Airline On-Time Statistics and delays Causes from 2008

Analysis
PowerPoint
Presentation
Code
Design
Authors
Published

December 5, 2025

In the Fall 2025, semester I as well as three other group members conducted a group project where we took a public data set, analyzed it, and created four different visual representations of the data. Our public data set that we chose focused on flight records, specifically delay and departure/arrival times in the first six months of the year 2008. From this data, we were able to come up with four different questions that were able to be answered from our visual representations.

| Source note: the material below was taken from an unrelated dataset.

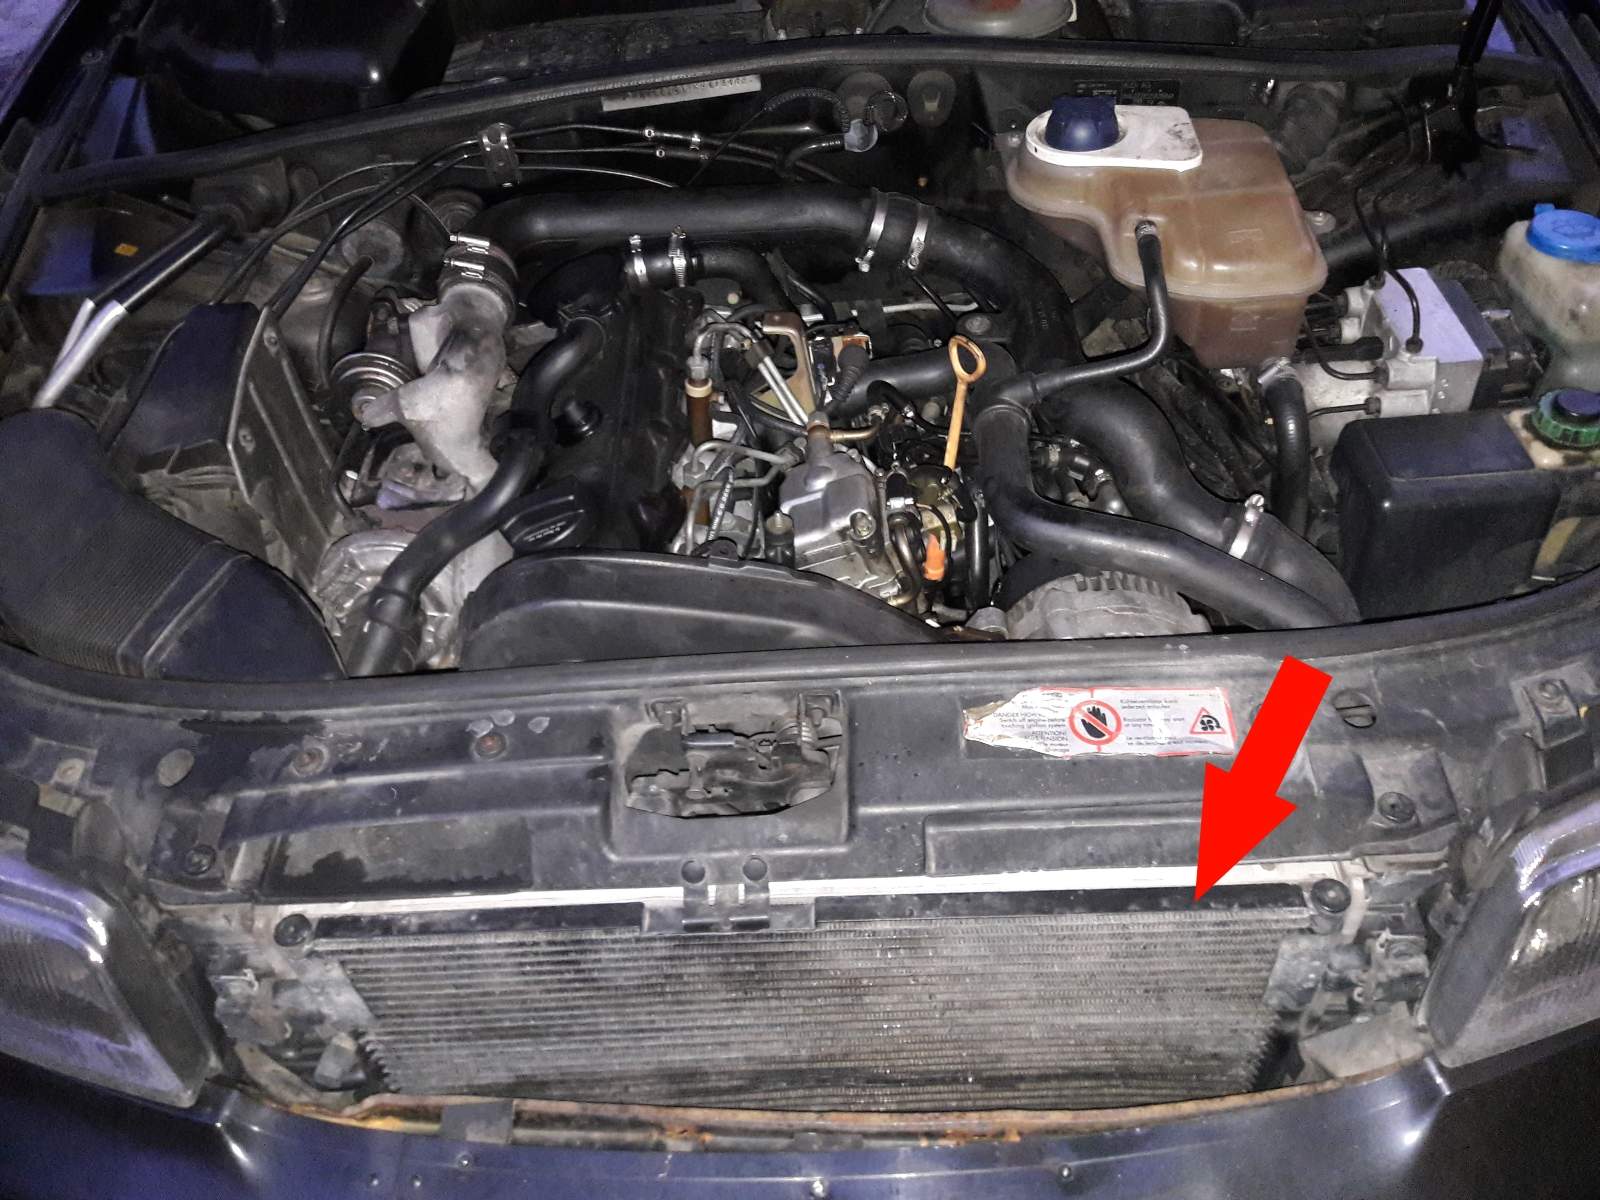 Welche Funktion hat der Kühlergrill und der sich dahinter befindliche  Lüfter im Auto (Audi A4 B5, Bilder im Anhang)? (Motor, Fahrzeug, Autofahren)

We wanted to understand whether certain airports experience carrier delays more often than others. We first reduced the data to the origin and the carrier delay, then we added a column that did an if-statement getting rid of the data if there was not a carrier delay. We then took the top 7 airports and did a count-if-statement that counted the amount of carrier delays at the top 7 busiest airports. Once we had all of that information, we then put it into a bar graph. We picked the bar graph because it compares the airports side by side giving us a better way to show the difference between them.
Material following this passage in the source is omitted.